UN chief Antonio Guterres said the investment expansion was driven largely by a small number of megaprojects, particularly AI-related infrastructure. (EPA Images pic)
GENEVA: Worldwide foreign direct investment rose in 2025 after two years of decline, the UN said Tuesday, warning though that the recovery was “narrow, fragile and uneven”.
Foreign direct investment (FDI) swelled by 6% last year to US$1.6 trillion, according to the UN Trade and Development agency UNCTAD.
But its World Investment Report 2026 stressed that the hike was lopsided, with 20 countries attracting more than 80% of global FDI last year.
And investment growth was concentrated in a few sectors, while in most sectors, new project activity was “subdued”, with heightened investor uncertainty, geopolitical tensions and trade policy volatility, as well as the rising cost of capital and growing technological competition.
The FDI growth seen in 2025 “masks underlying fragility and disparities across countries, regions and sectors”, UN chief Antonio Guterres warned in the preface to the report.
Describing “seismic shifts in the global investment landscape”, he pointed out that the investment expansion was “driven largely by a small number of megaprojects, particularly infrastructure related to artificial intelligence”.

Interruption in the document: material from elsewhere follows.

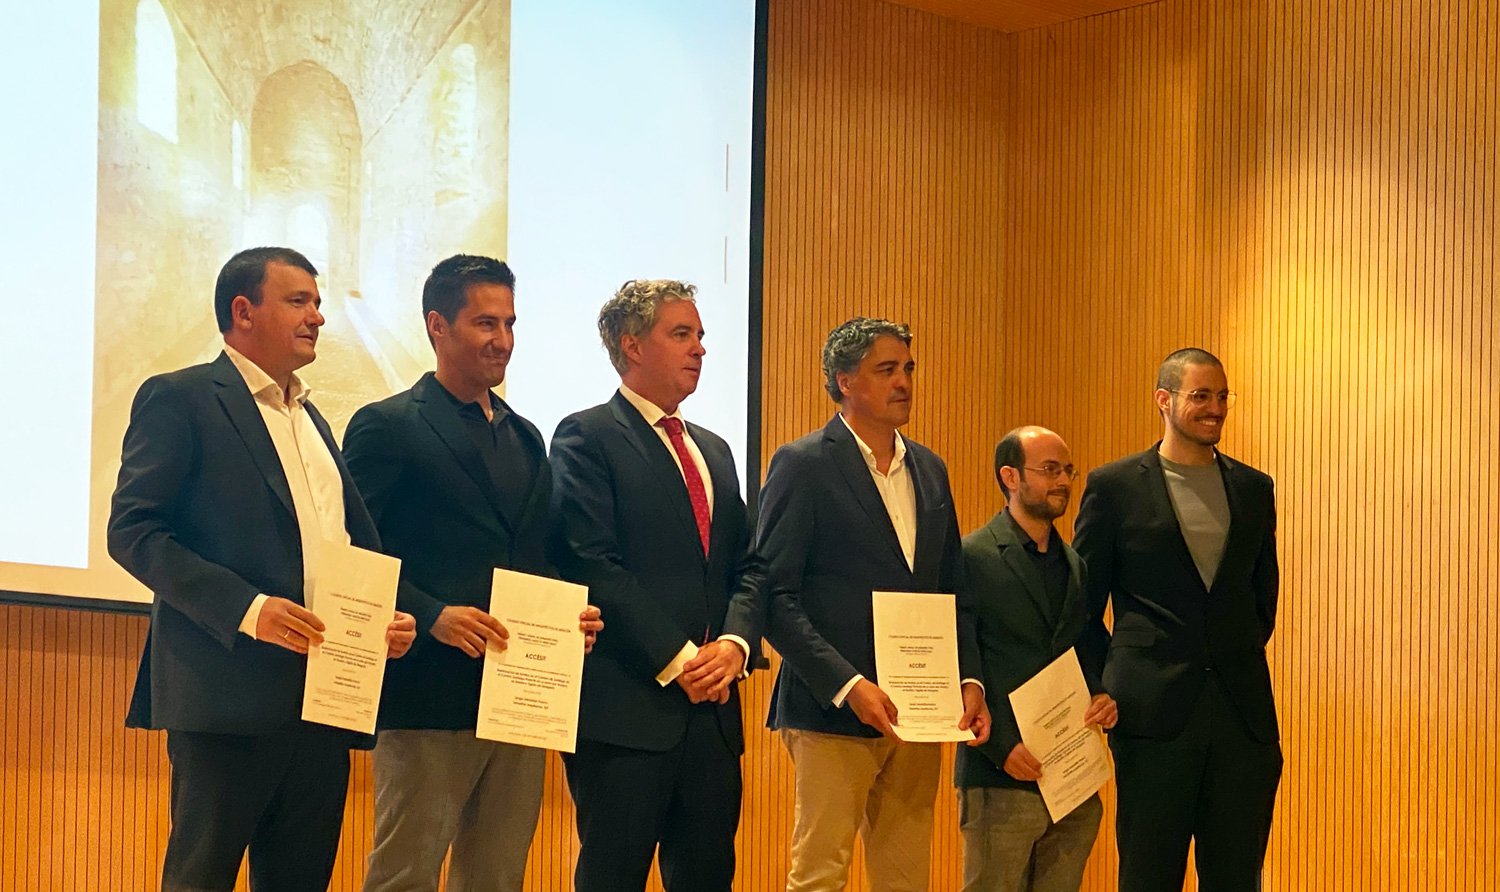 Reconocimiento en el Premio García Mercadal a la restauración de ermitas en el Camino de Santiago ￼￼

UNCTAD’s report found that growth in project values was driven mainly by data centres, followed by oil and gas and semiconductors.
“Most other sectors registered declines, including renewable energy, infrastructure and manufacturing, showing how narrow the recovery remains,” the agency said.
Uneven distribution
The report also determined that wealthy countries accounted for most of the FDI increase seen last year.
While developed countries saw their inflows rise 11% in 2025, developing economies only registered a 2% hike, pocketing $901 billion of the total, it found.
And although developing nations still accounted for more than half of global FDI, UNCTAD highlighted the uneven distribution across regions.
Developing Asian countries remained the largest recipient region, attracting US$644 billion, the report showed.
Latin America and the Caribbean rose 14% to US$188 billion while Africa received around US$70 billion.
The world’s poorest and least developed countries, meanwhile, saw inflows rise 21% to US$43 billion last year, the report said.
Despite the significant increase, it highlighted that the amount only accounted for 2.7% of global FDI, and that nearly all of it was concentrated in a small number of mostly resource-rich economies.
Monitoring by UNCTAD also revealed that governments were becoming increasingly active in trying to shape investment flows, with a record 229 investment policy measures implemented last year.
“While most remained favourable to investors, many were designed to attract investment into strategic industries, strengthen domestic economic priorities or respond to economic security concerns,” the agency said.
Tuesday’s report said that the new investment landscape could bring opportunities for developing countries but also significant risks.
“Many countries risk being left behind as investment becomes more capital-intensive, technology-intensive and shaped by policy support that many developing economies cannot easily match,” UNCTAD said.